U.N. to Credit, Tech Firms: Step Up Child Porn Fight

The United Nations is calling on credit-card companies and tech firms to do more to fight online child porn, with a particular emphasis on credit companies that inadvertently might process child-porn-related Web transactions in spite of their best efforts not to.

"Credit-card companies shouldn't wait for the problem to arrive," said Juan Miguel Petit, the UN's "special rapporteur" regarding child porn, at a news briefing April 14. "The international credit-card companies and also the manufacturers of hardware and software ... surely know more than NGOs or governments about these problems and how to fight them."

He also called for Internet service providers to pull or block child-porn access whenever they see such material and to monitor their services to prevent it from turning up in the first place.

Petit's concern was good news for Joan Irvine, executive director of the Association of Sites Advocating Child Protection. "I am pleased that on an international basis, there is a focus on the real problem of child pornography and what technology can do to battle it," she told AVNOnline. "ASACP spent the last two years having a system developed to help in this effort."

Visa has been chasing illegal Web operators, including and especially child pornographers, for a long time, according to spokesman David Masters, who told reporters the problem isn't credit-card companies but tech-savvy child-porn operators who make it difficult to hunt and fight them.

"It's a horrific industry, and we do everything we can against it," he told the Associated Press. "It's business we don't want and we're only too pleased to help where we can.

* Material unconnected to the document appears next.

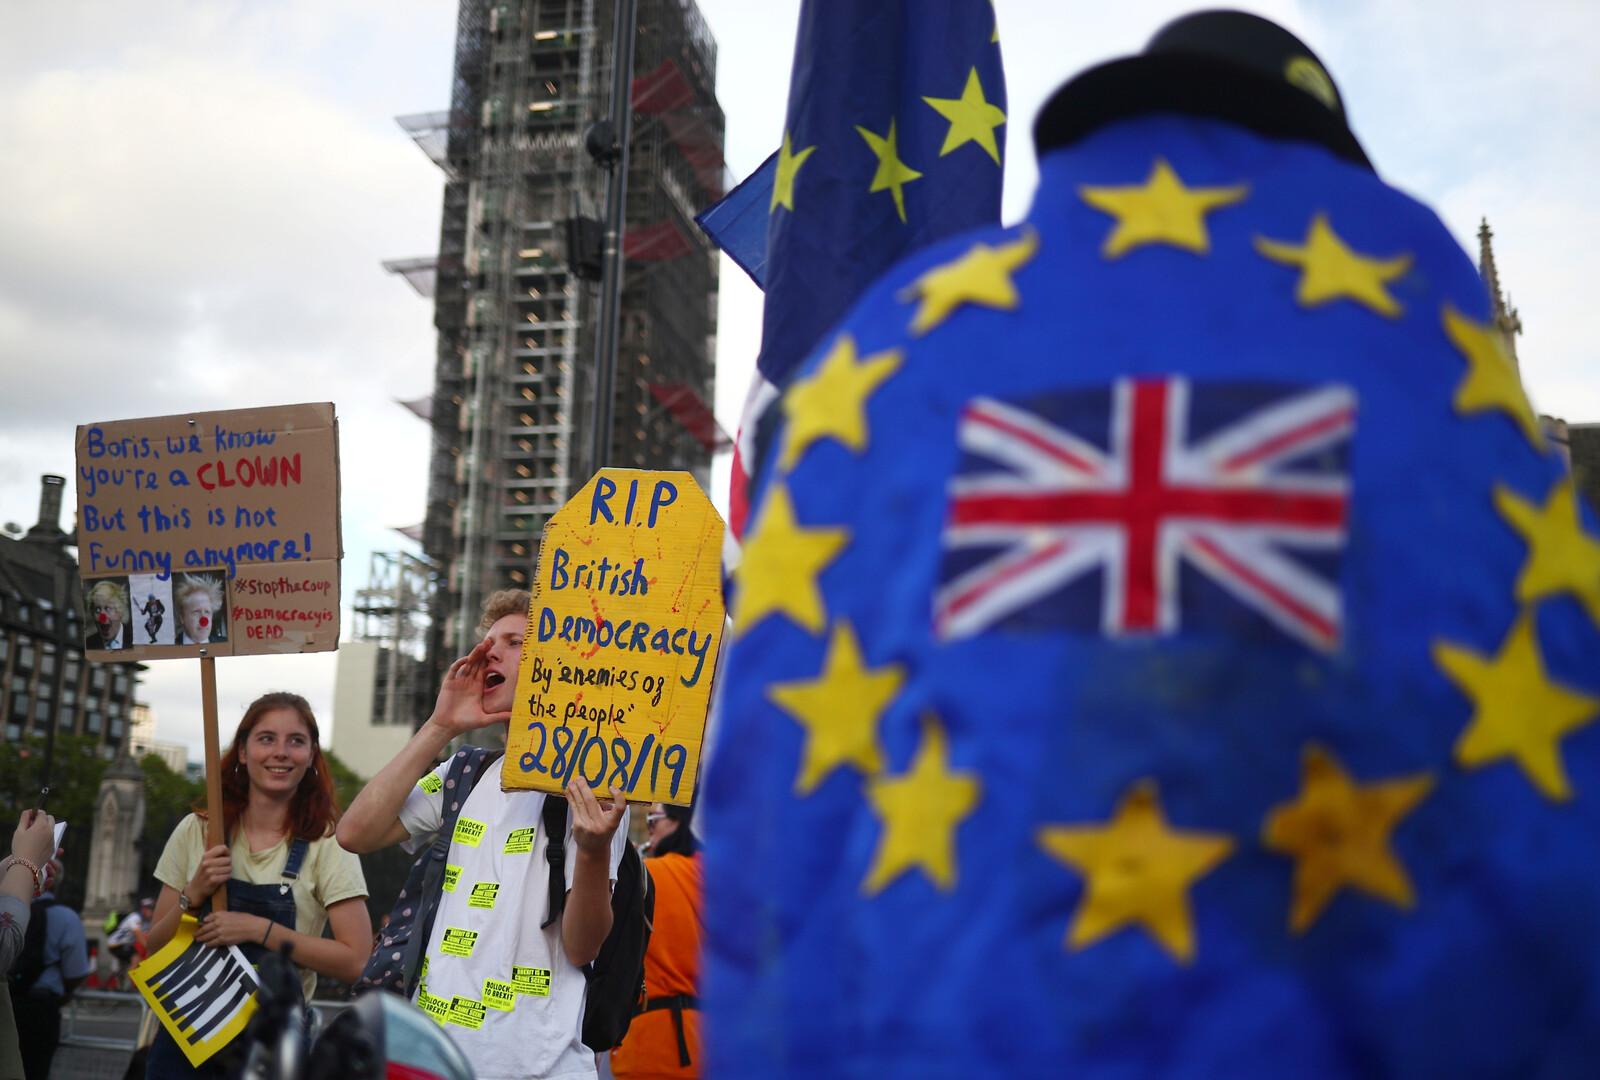 تعليق البرلمان البريطاني يدخل اليوم حيز التنفيذ

We work very closely with law enforcement across the world."

Irvine said ASACP has sent messages to Petit and Masters as well as Microsoft legal and corporate chief in Europe, Africa, and the Middle East, Horacio Gutierrez, offering the group's services, including its technology platform to help the battle.

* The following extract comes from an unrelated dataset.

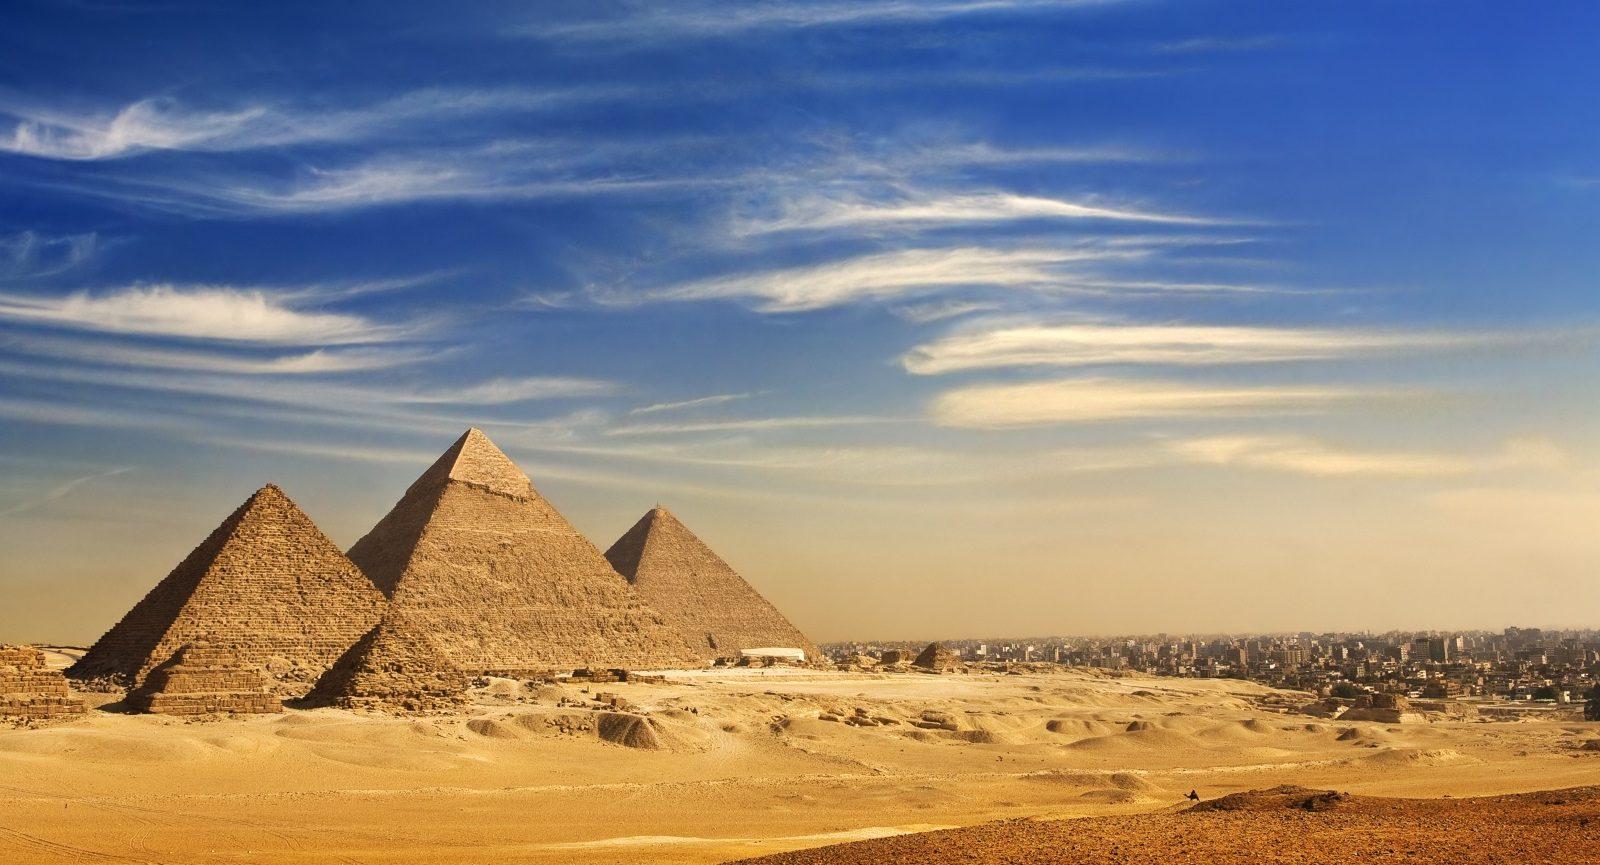 Image othe pyramids at giza

Microsoft most recently unwrapped a joint project with Canadian law enforcement to track down child pornographers electronically by way of their credit transaction information. "Technology companies have a critical role to play in making the Internet safe for children," Gutierrez said. "It's a multifaceted issue which really has worldwide implications."

Microsoft and other tech firms were also reported in meetings in France with Interpol and the International Center for Missing and Exploited Children on the child porn problem.